>>>>>

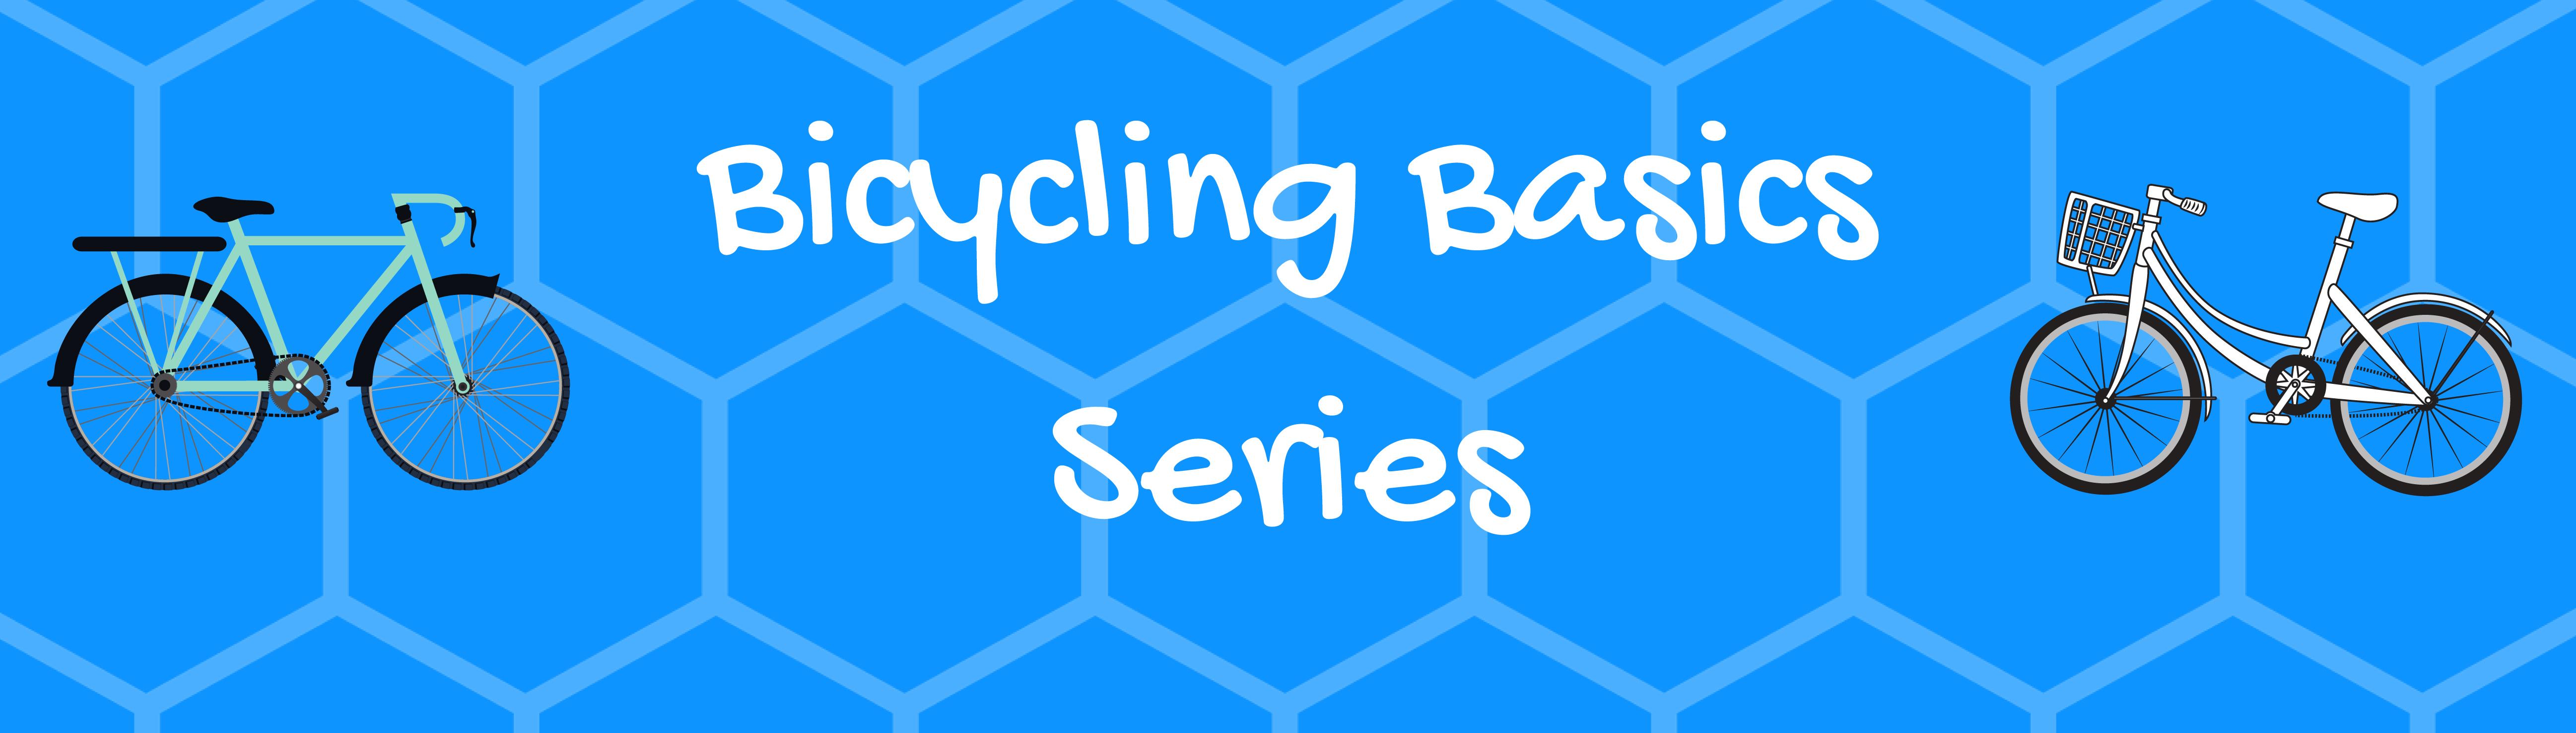 Copy of BicyclingBasics
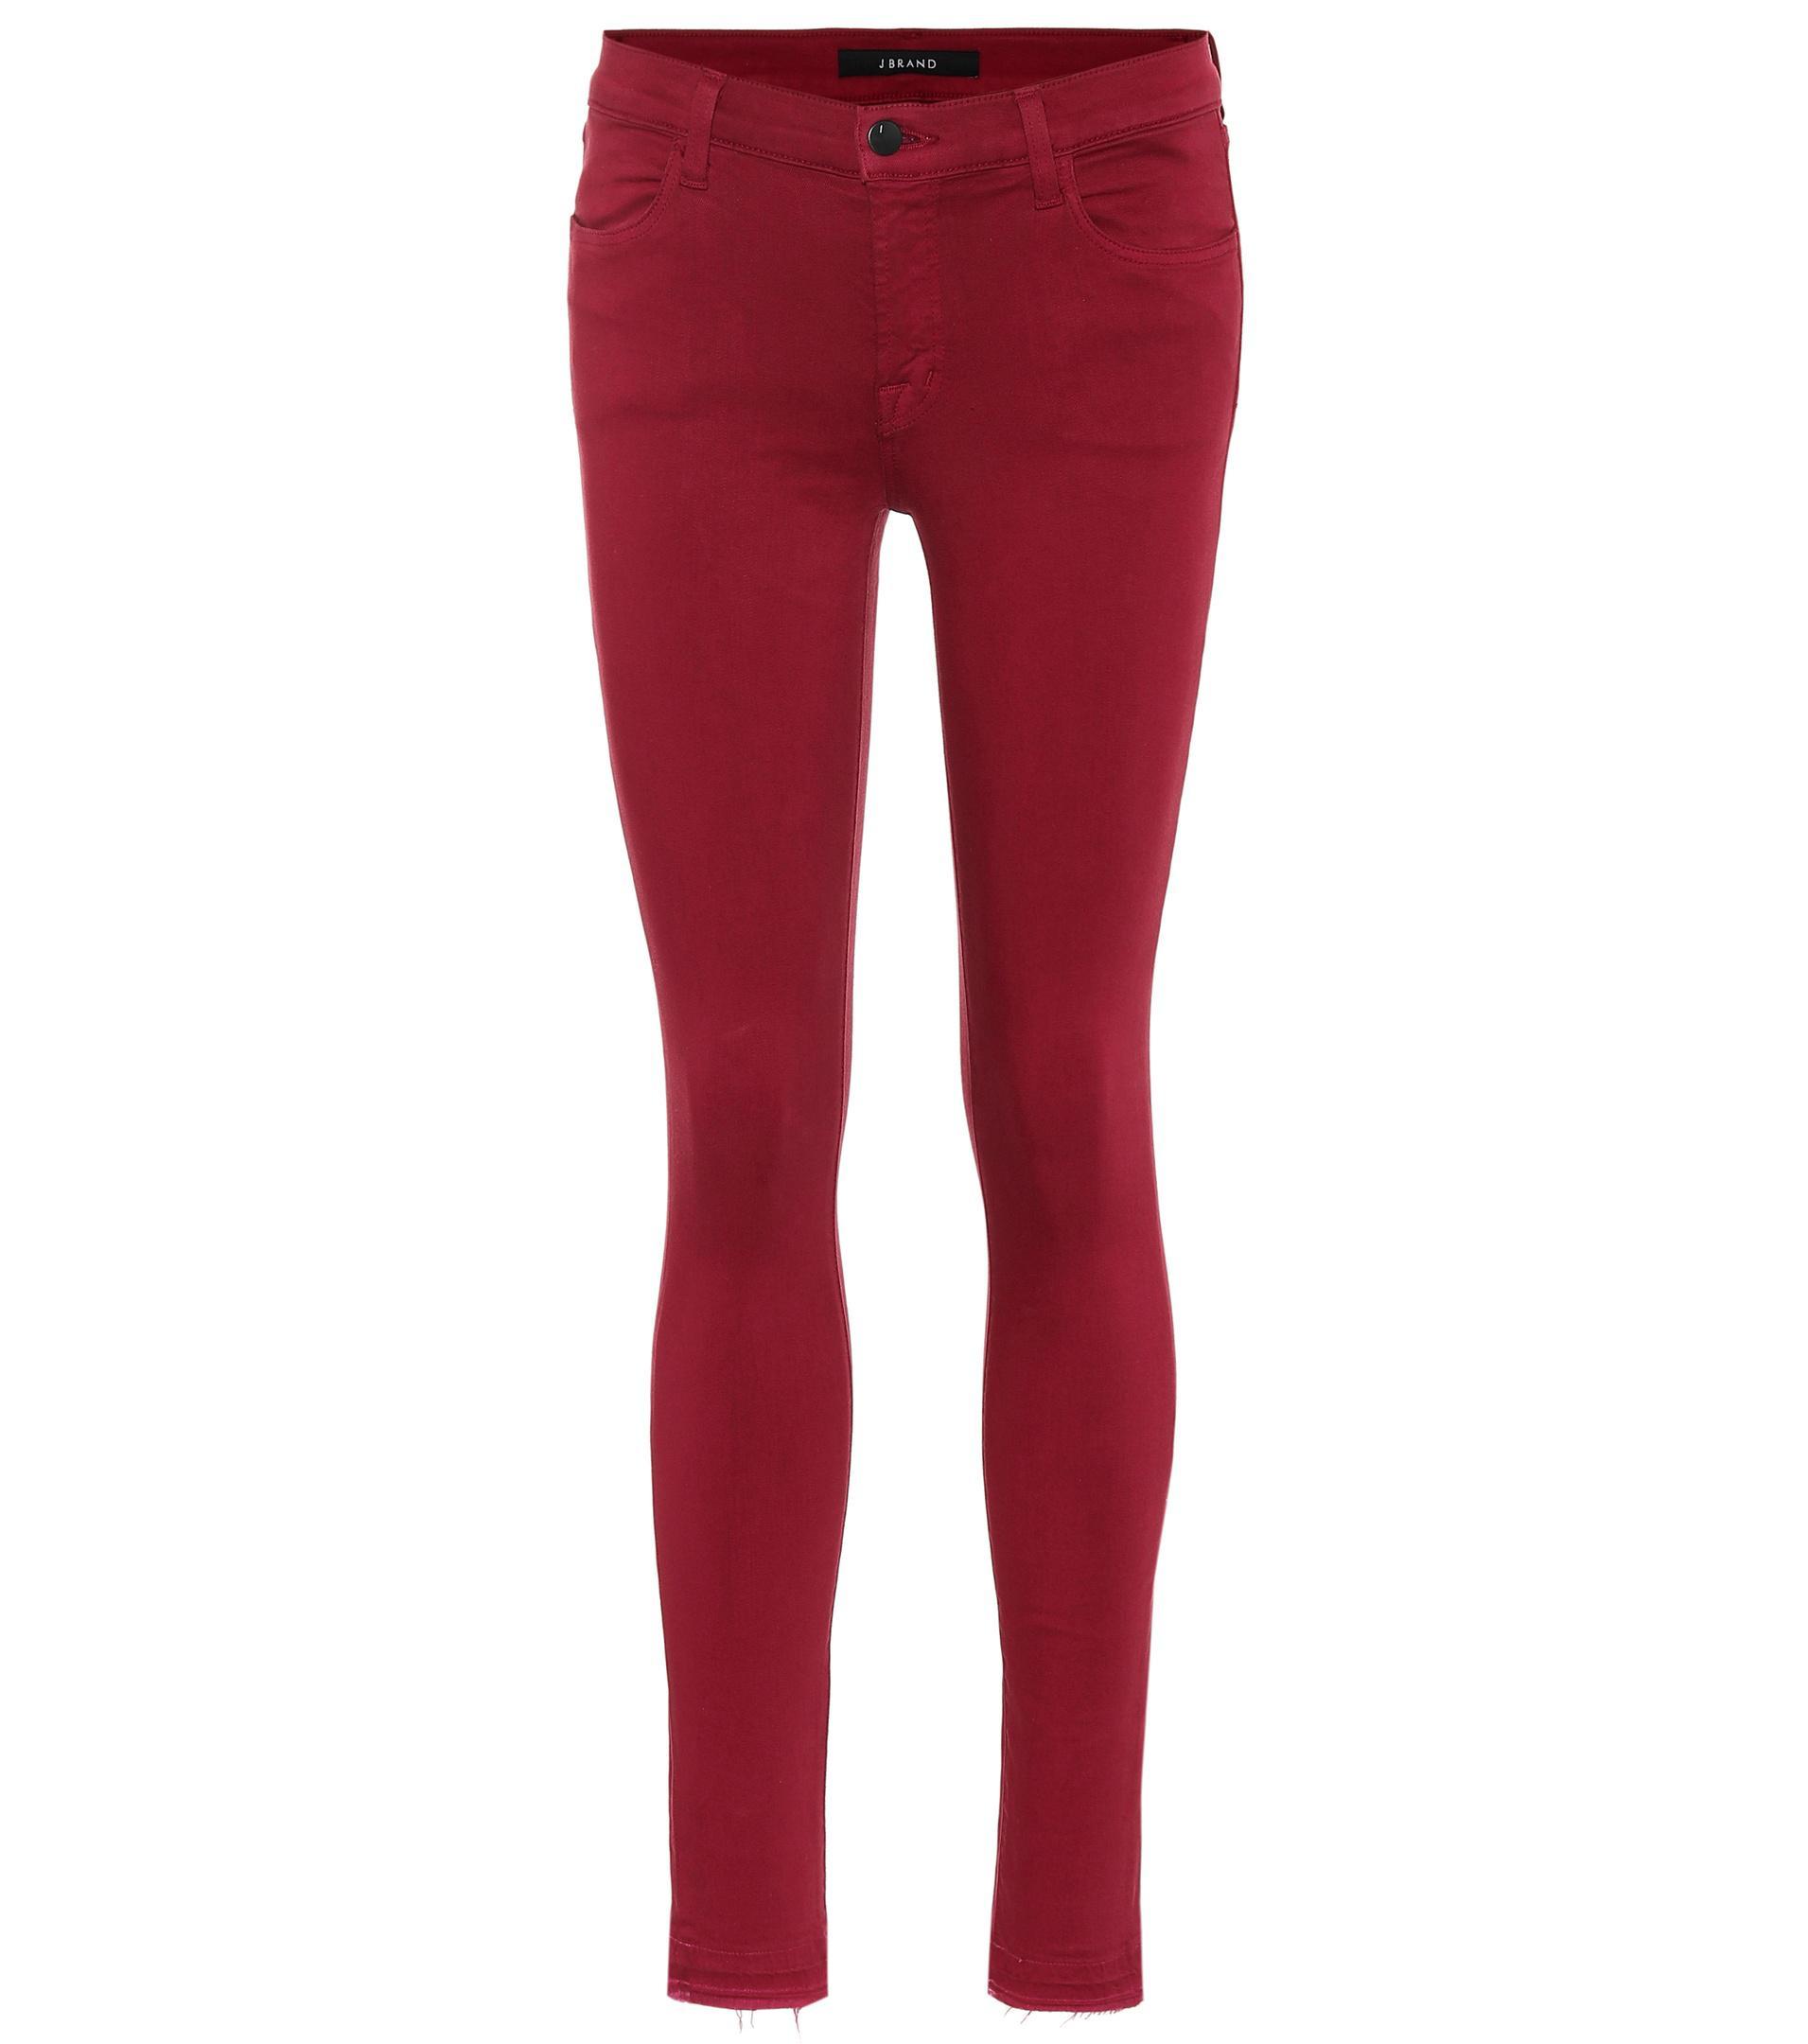 a68910f132ff8b Lyst - J Brand Jeans 620 Super Skinny in Lila
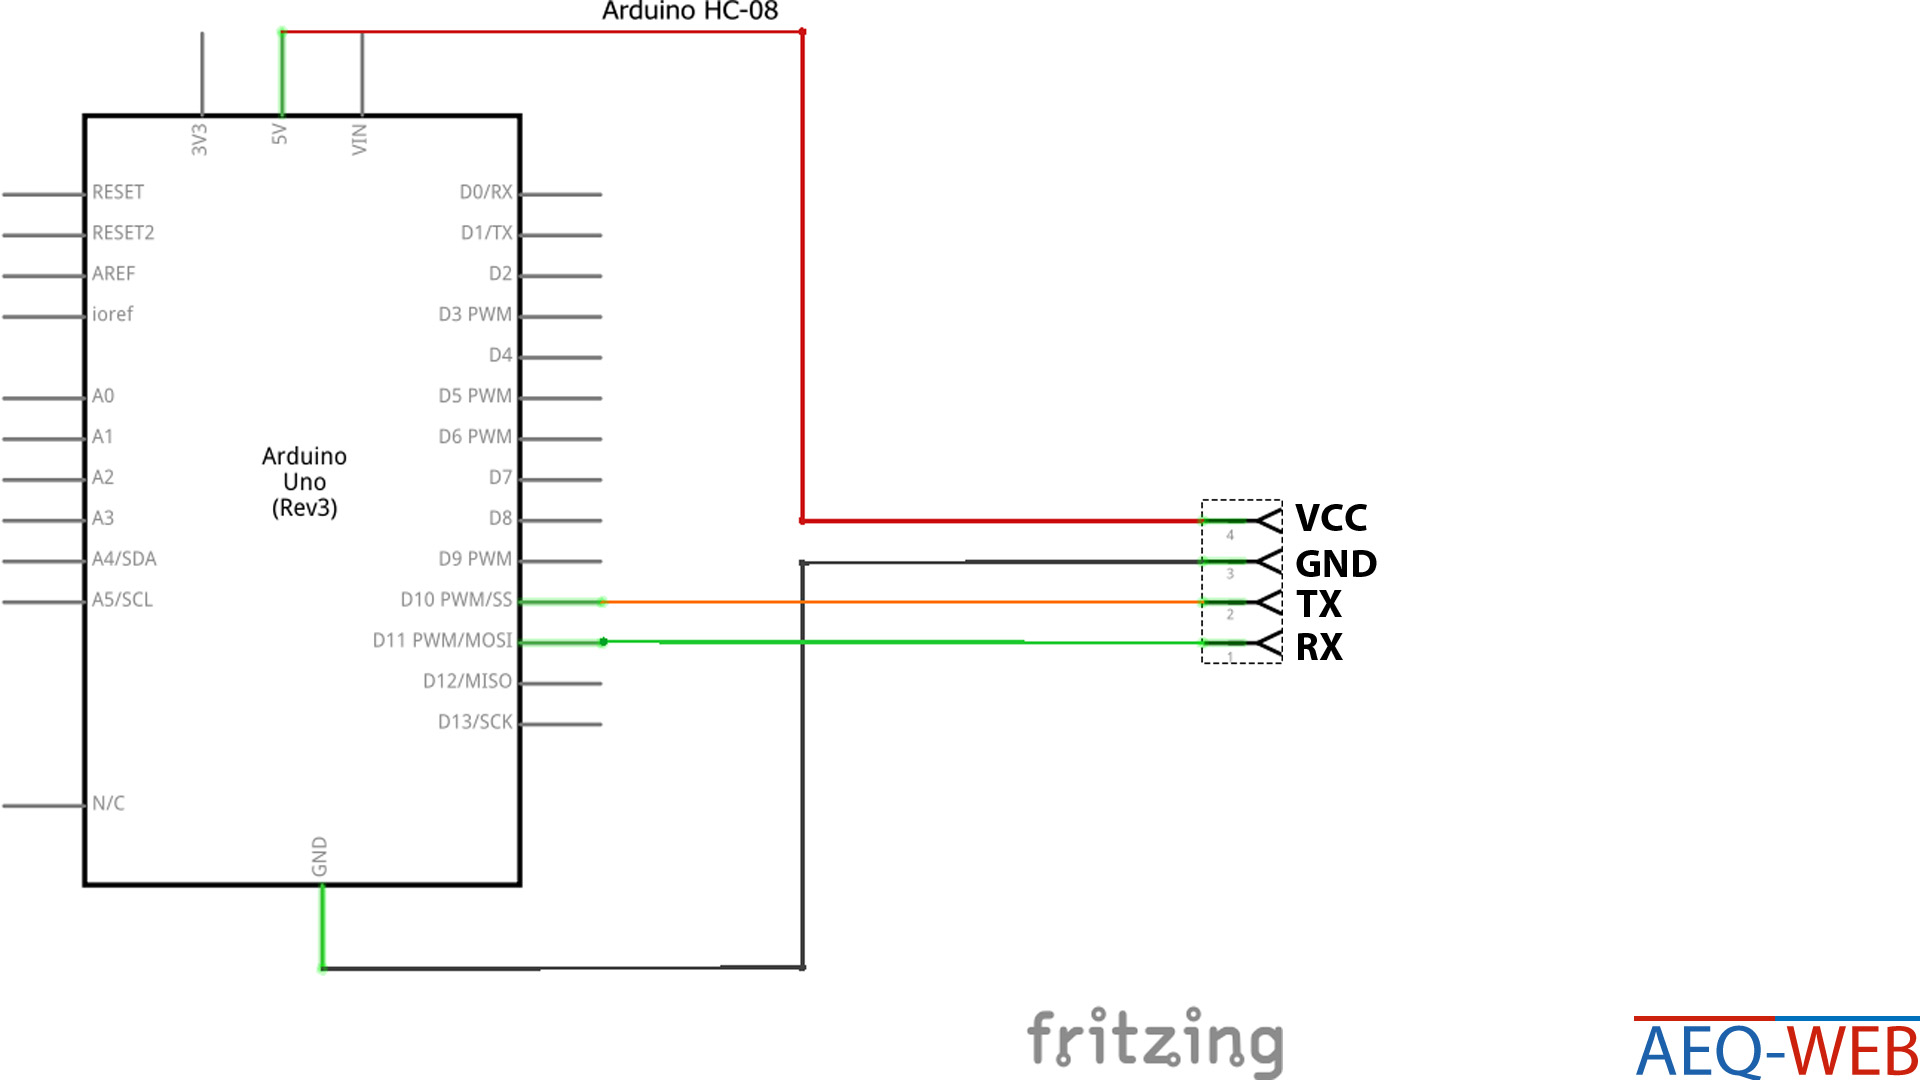 Arduino HC-08 Bluetooth Module - AEQ-WEB COM

<<<<<

_TRY IT_: Would you reproduce the listing above in full and exactly, without its pictures?

_EXERCISE RESULT_:
 Copy of BicyclingBasics
 a68910f132ff8b Lyst - J Brand Jeans 620 Super Skinny in Lila
 Arduino HC-08 Bluetooth Module - AEQ-WEB COM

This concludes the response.